Another method in which individuals can purchase Bitcoin with cash is through a service that matches a seller and a buyer who will trade Bitcoin for cash. One of the most popular services like this is LocalBitcoins, which helps you find individuals near you that are willing to exchange Bitcoin for cash. 

Another service is LibertyX, which lists retail outlets across the United States that enables you to exchange cash for Bitcoin or pay with debit card. Other exchange services include WallofCoins, Paxful and BitQuick, all of which direct you to a bank branch near you that accepts cash deposits in exchange for Bitcoin.

Problems Bitcoin Faces

Bitcoin is the first successful cryptocurrency the world has ever seen. It’s the most popular and widely adopted cryptocurrency out of the 2,500+ cryptos in existence and the entire crypto market depends on Bitcoin to some extent. However, Bitcoin is not without problems.

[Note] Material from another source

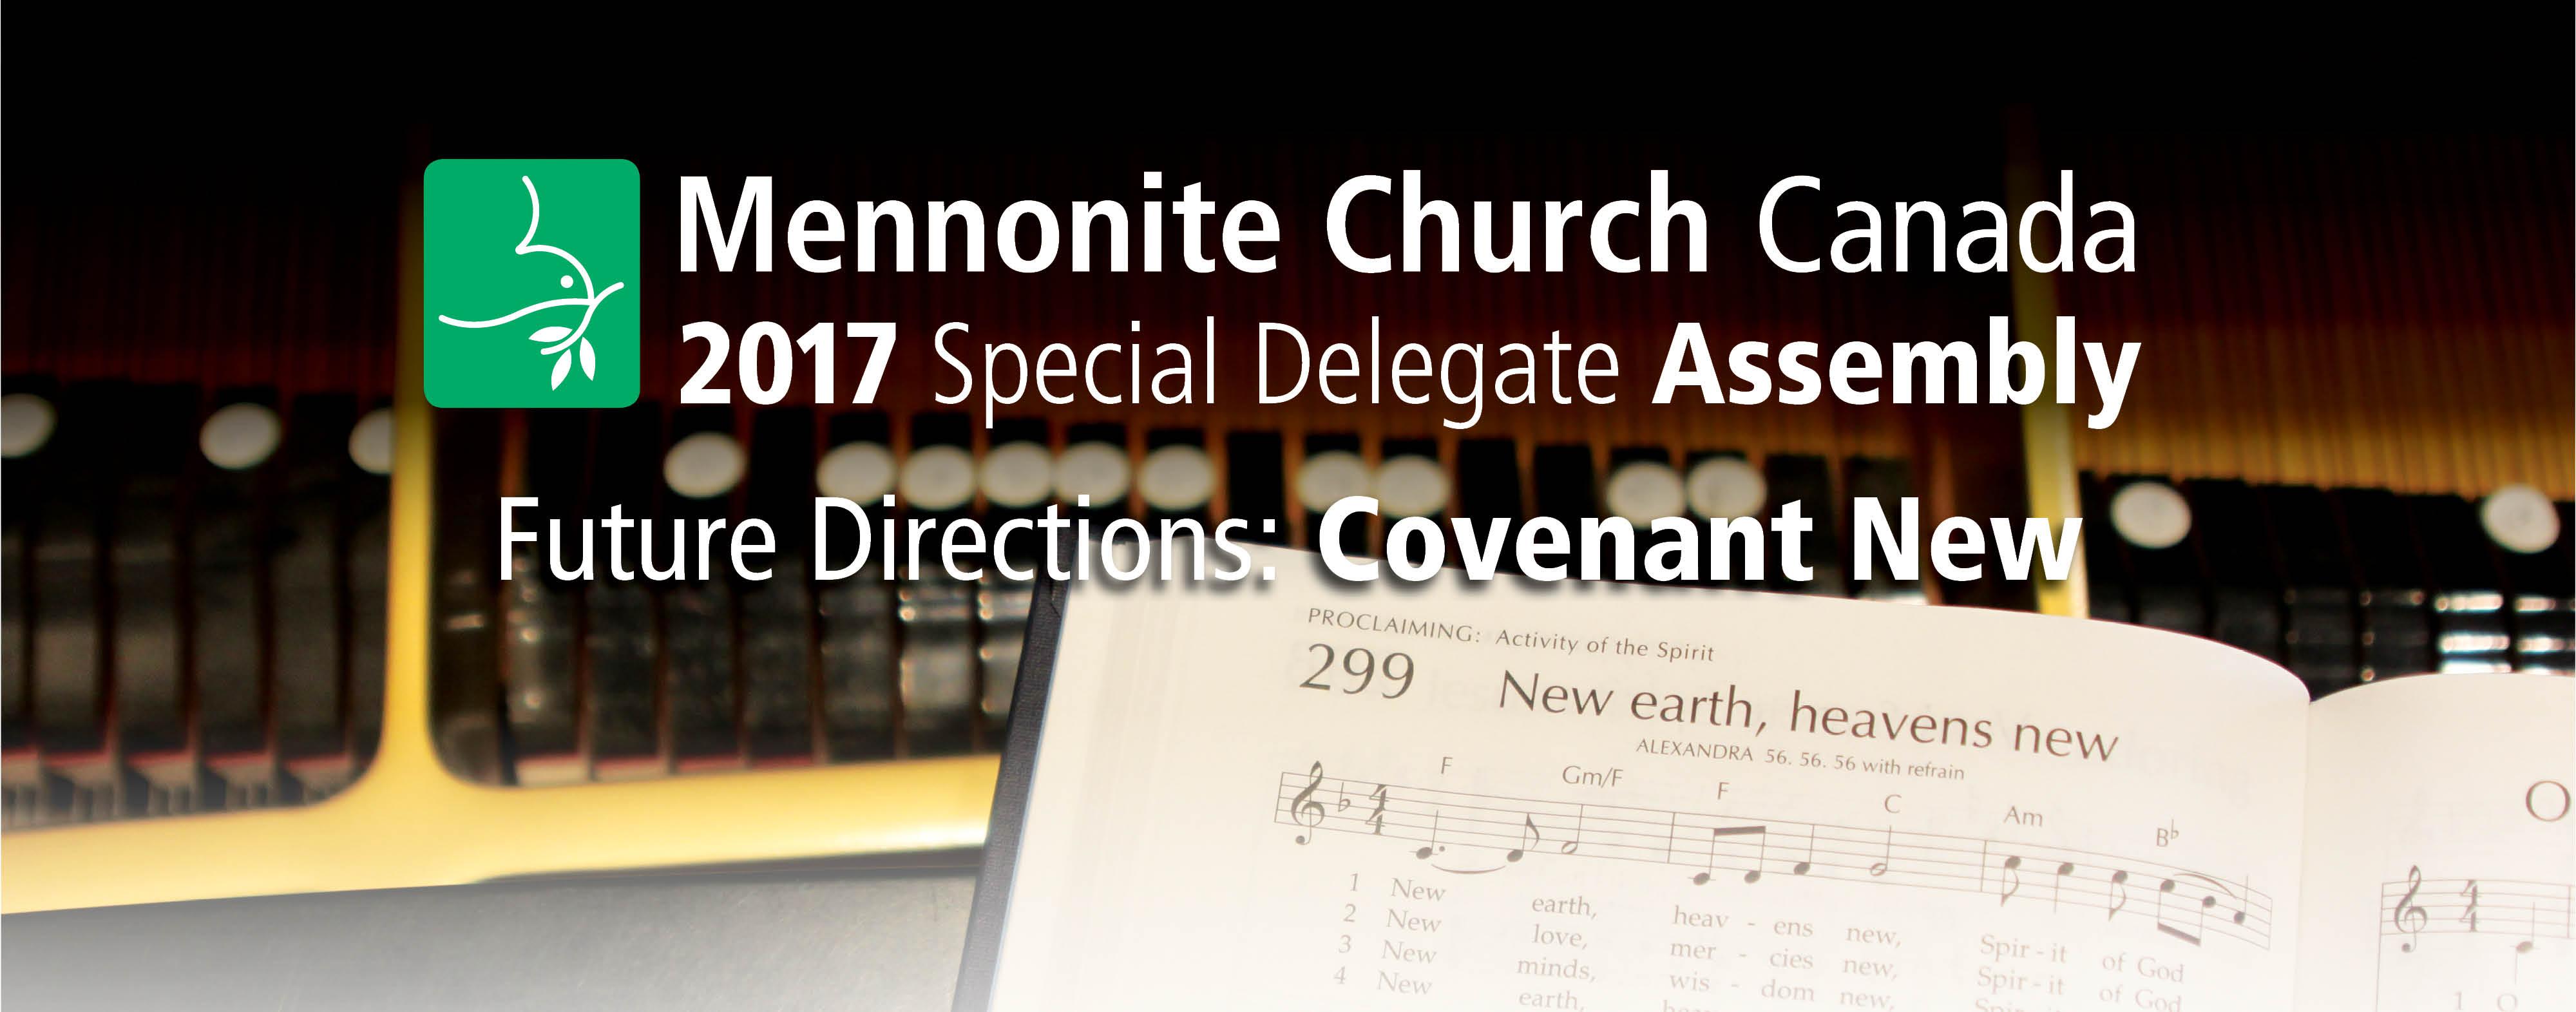 2017 Special Delegate Gathering

It faces many hurdles to overcome if it hopes to become a globally accepted and adopted currency.

One of the primary problems Bitcoin faces today is surrounding scalability – the number of transactions the Bitcoin network can process in a period of time. Currently, Bitcoin’s average or median transaction processing capacity is between 3.3 and 7 transactions per second. This is a far shot from Visa’s transactional average of 1700 transactions per second. However, Bitcoin scaling solutions are being developed and implemented right now to make it a viable global currency that can outperform Visa and other payment methods.

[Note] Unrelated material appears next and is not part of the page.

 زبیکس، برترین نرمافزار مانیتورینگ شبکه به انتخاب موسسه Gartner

In the following paragraphs, I touch on two of Bitcoin’s most viable scaling solutions:

Scaling Solutions

There are multiple scaling solutions that are being developed and implemented on Bitcoin right now. These scaling solutions can either be first-layer solutions which require code changes to the Bitcoin blockchain, or second-layer solutions which are secondary protocols built on-top of the main blockchain.

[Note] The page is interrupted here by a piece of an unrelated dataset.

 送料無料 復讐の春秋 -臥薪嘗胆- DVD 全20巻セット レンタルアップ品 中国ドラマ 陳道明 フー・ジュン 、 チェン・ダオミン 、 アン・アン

Image Source: https://en.bitcoin.it/wiki/Segregated_Witness

First-layer scaling solutions require a blockchain to be forked into a new or upgraded version of the last one. One such first-layer scaling solution that Bitcoin has begun to adopt is Segregated Witness (Segwit). Segwit is a protocol upgrade for Bitcoin that frees up space on Bitcoin’s 1MB blocks and thus allows the capacity of more transactions. With Segwit, the signature data for each transaction (which makes up almost 70% of the space of a transaction) is removed, making room for more transactions to be included in a single Bitcoin block. This increases the number of transactions that can be processed and has improved the blockchain’s speed quite significantly. 


Image Source: https://bitcointalk.org/index.php?topic=2108565.0

As for second-layer scaling solutions, they reduce the load from the main blockchain in order to save space and reduce network congestion. Bitcoin’s second-layer scaling solution is known as the Lightning Network (LN). Bitcoin’s LN utilizes off-chain channels to facilitate instantaneous transactions with near zero fees. It incorporates smart contract functionalities on top of Bitcoin’s blockchain to lighten the main blockchain’s load by moving transactions off the main chain to state-channels. This reduces the congestion on Bitcoin’s main chain and allows transactions to be executed instantaneously with very low fees within the channel. 

All in all, Bitcoin scaling solutions are being developed to make it better used as a currency and method of payment. However, in order to maintain Bitcoin’s high level of security, changes to the protocol and second-layer scaling solutions are very slow to implement. These scaling solutions must be tried and tested before they are fully adopted as everything must be perfect in order to preserve Bitcoin’s most important aspects; decentralization, censorship resistance, and security.